(INPUT DATA Opens)
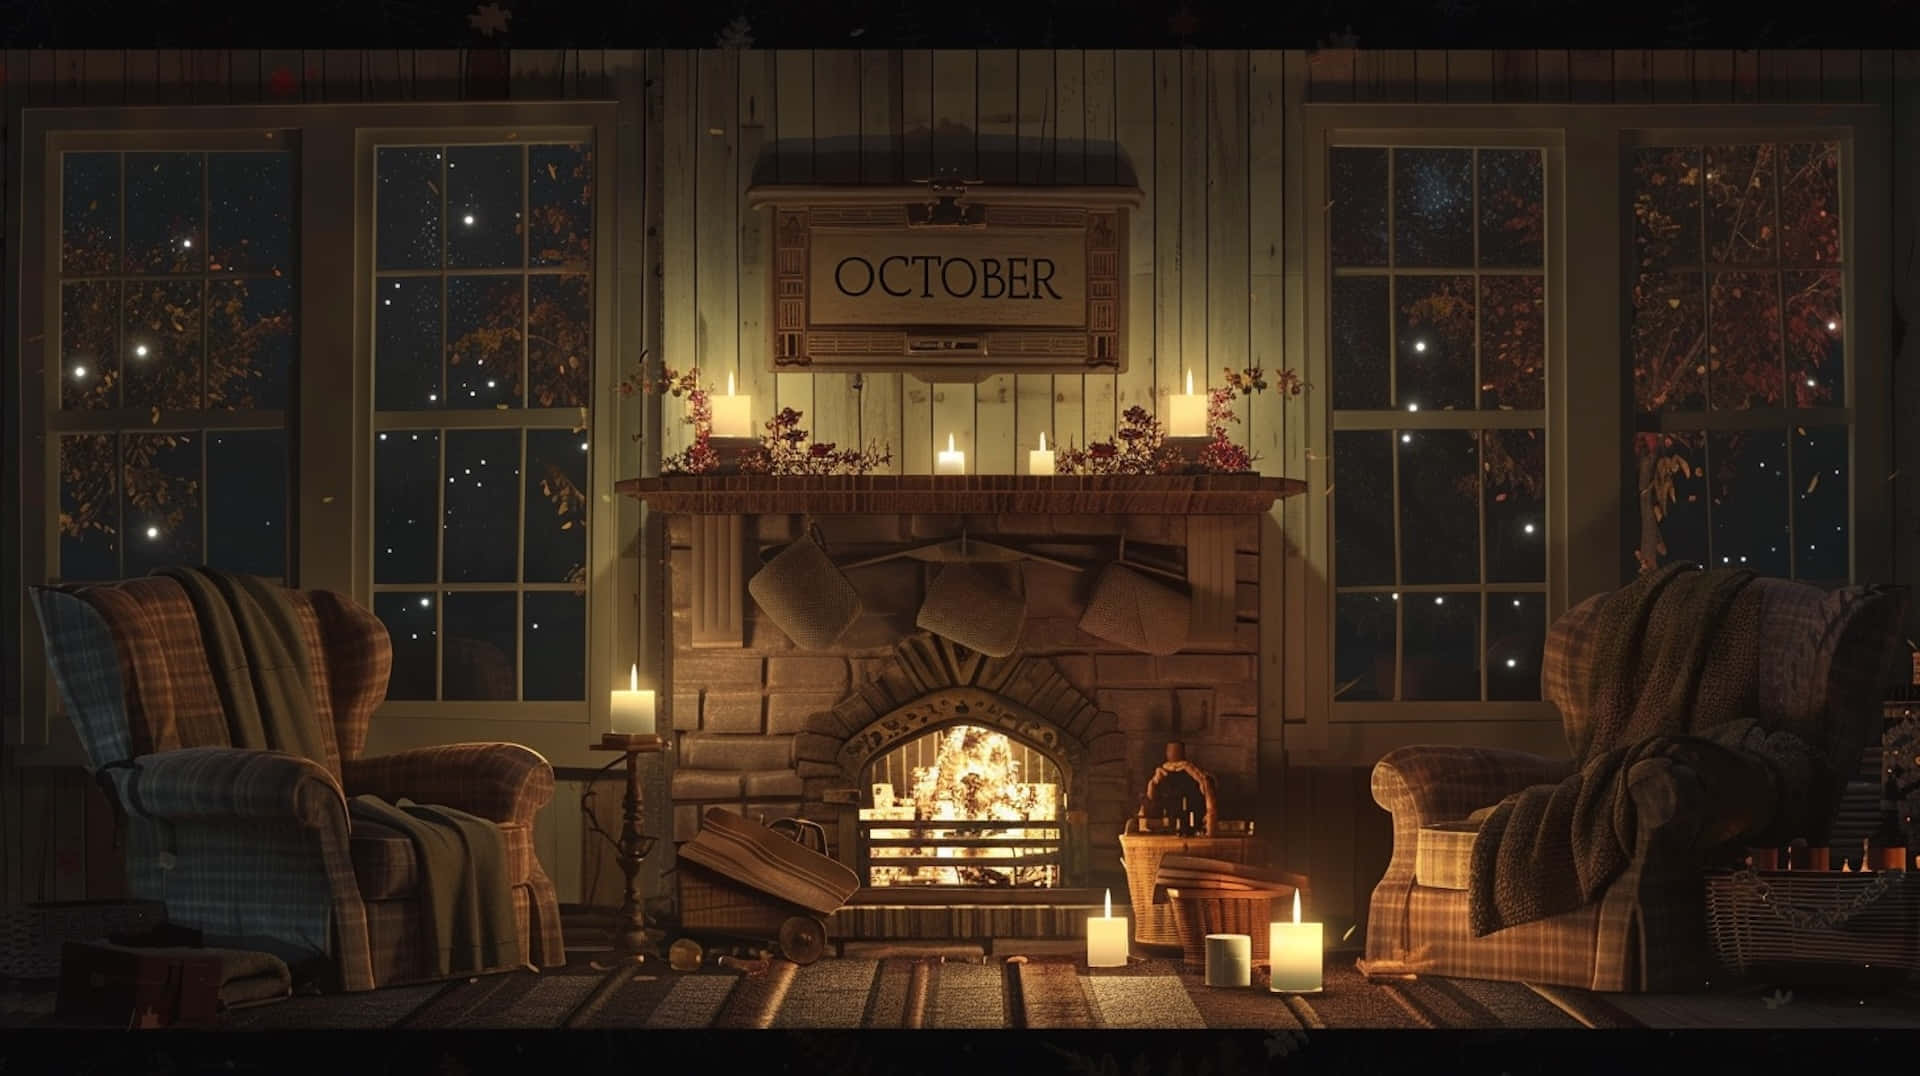 Cozy October Evening Fireplace Scene Wallpaper
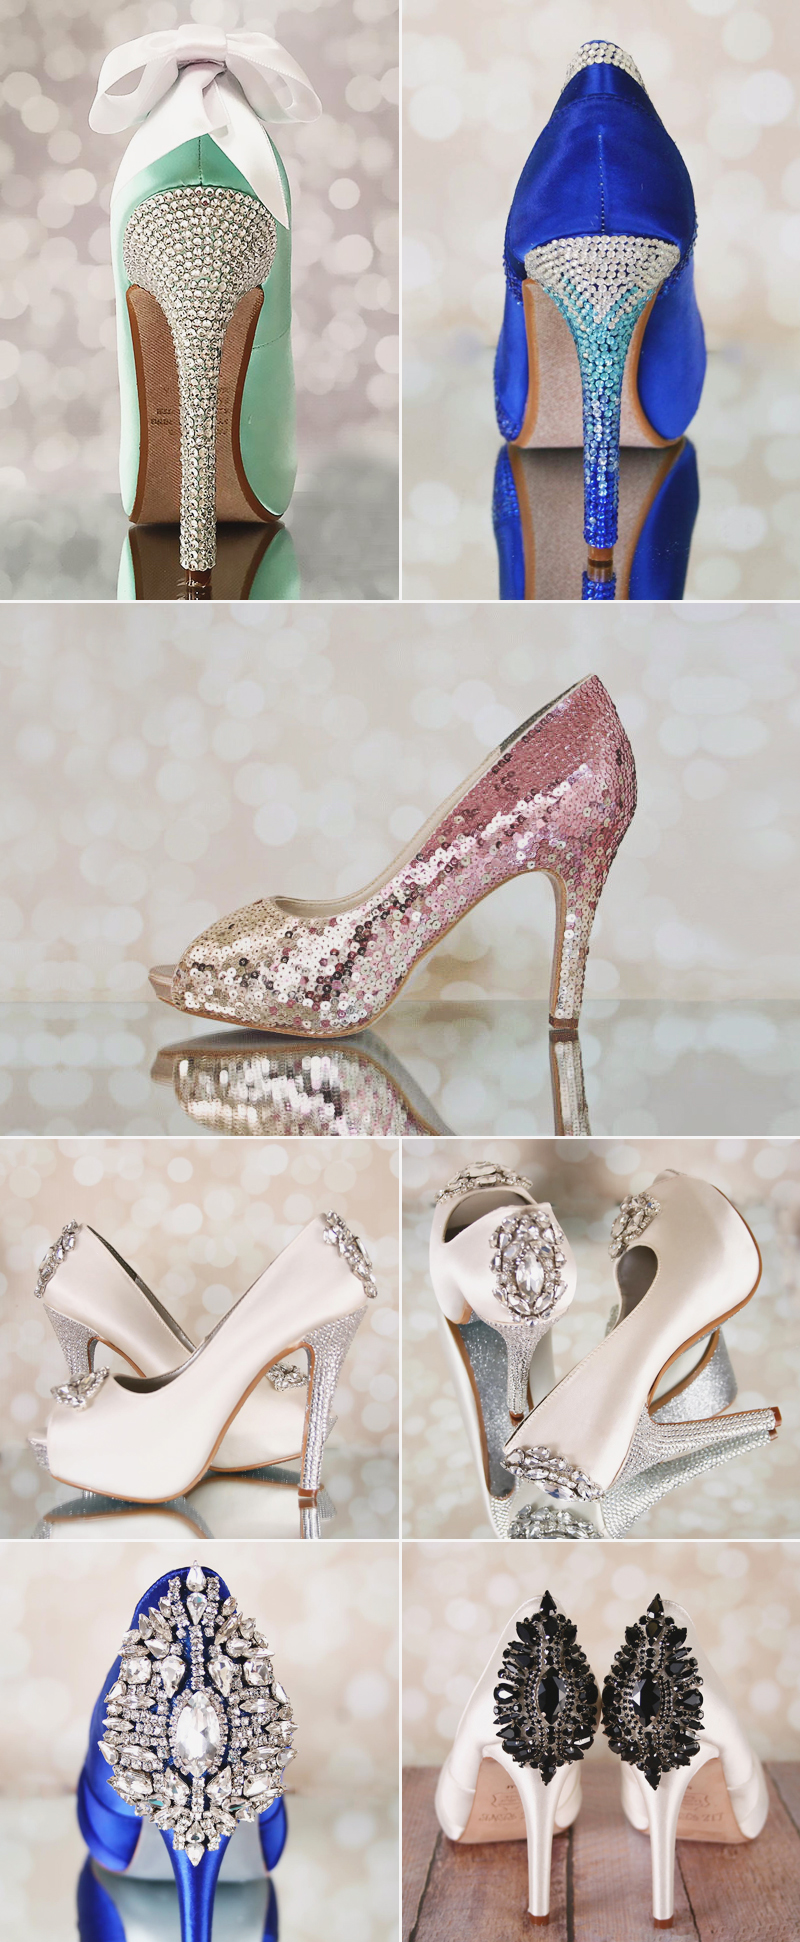 custom wedding shoes for bride
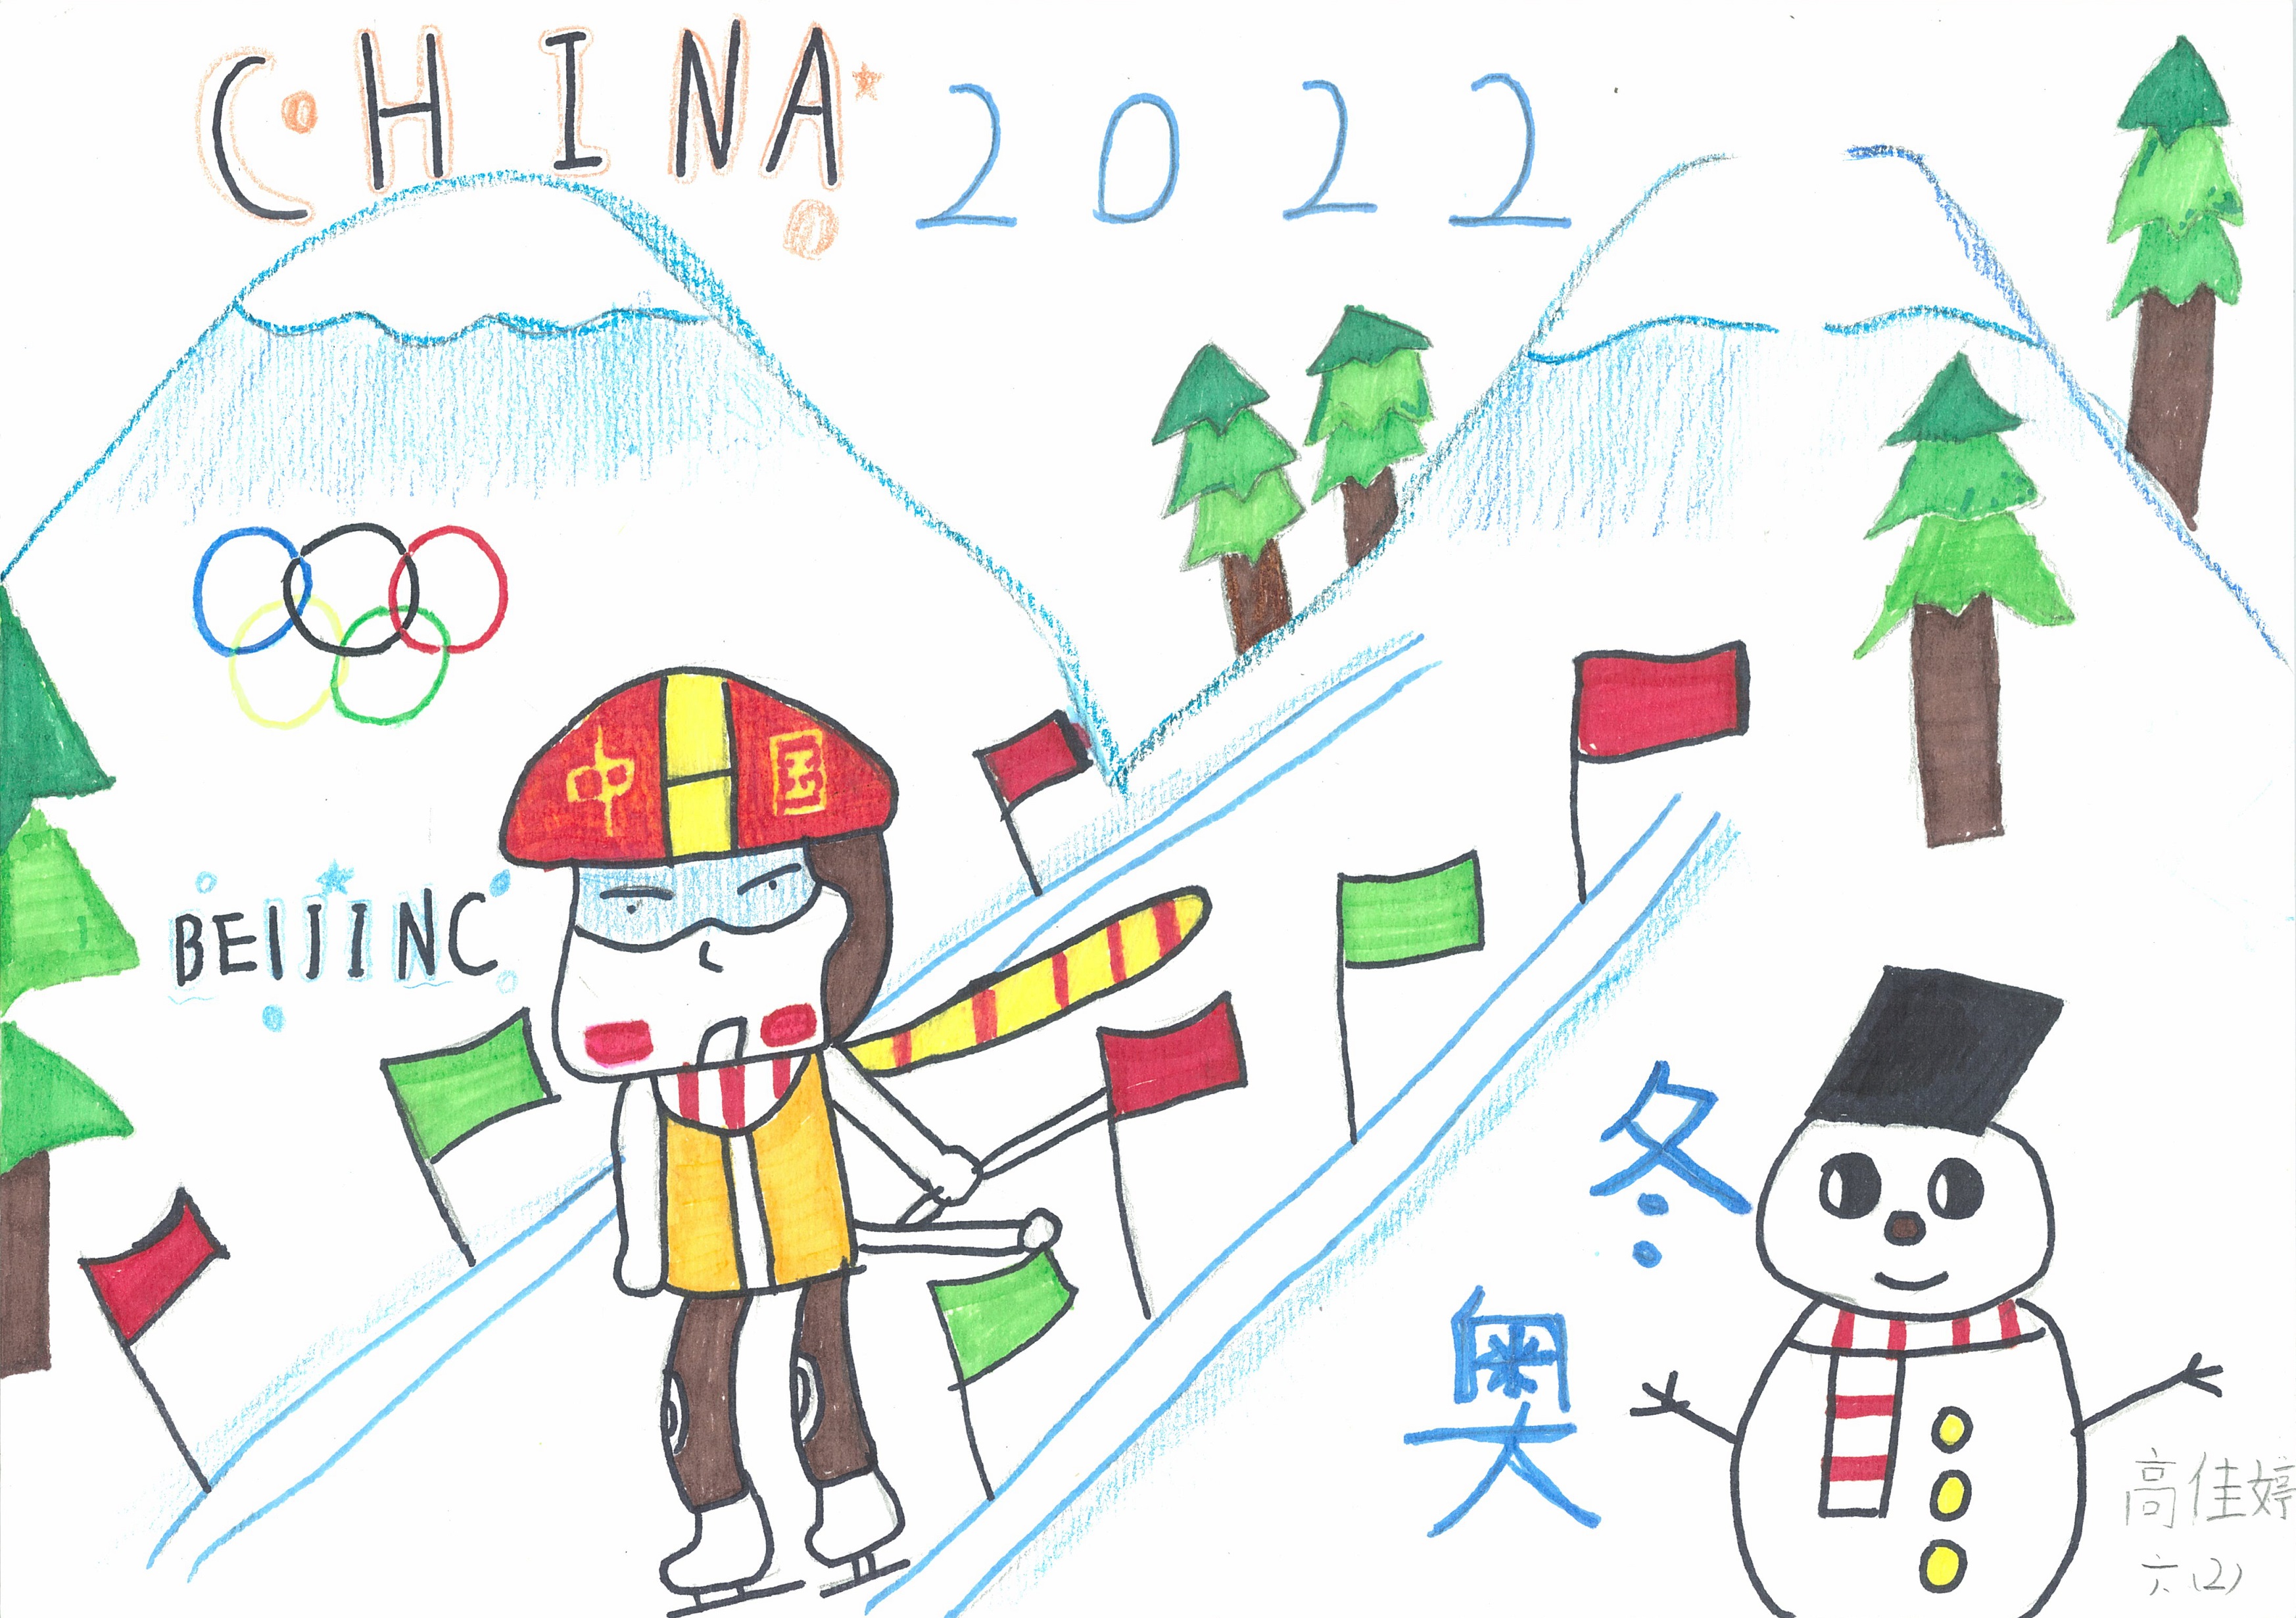 《我心中的冬奥荣耀时刻》Glory moments of the Winter Olympics in my heart +高佳婷 Gao Jiatin
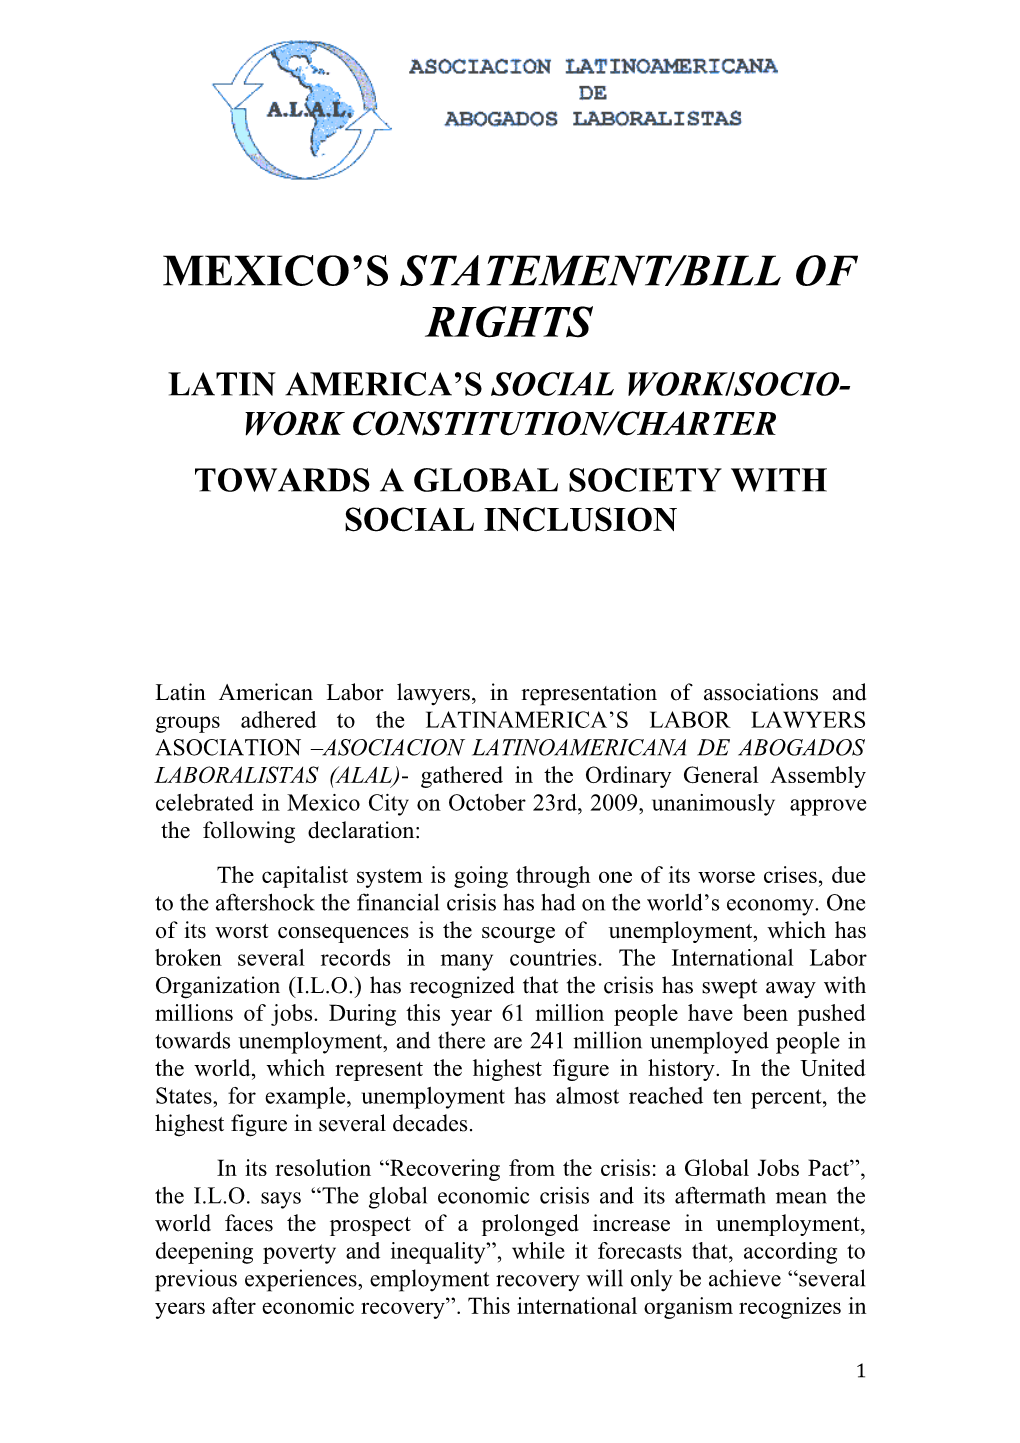 Latin America S Social Work/Socio-Workconstitution/Charter
(INPUT DATA Closes)
• **WHAT IS EXPECTED**: Omit the pictures, then set down all the remaining data exactly as given.

• **ANSWER SECTION**:
 Cozy October Evening Fireplace Scene Wallpaper
 custom wedding shoes for bride
 《我心中的冬奥荣耀时刻》Glory moments of the Winter Olympics in my heart +高佳婷 Gao Jiatin
 Latin America S Social Work/Socio-Workconstitution/Charter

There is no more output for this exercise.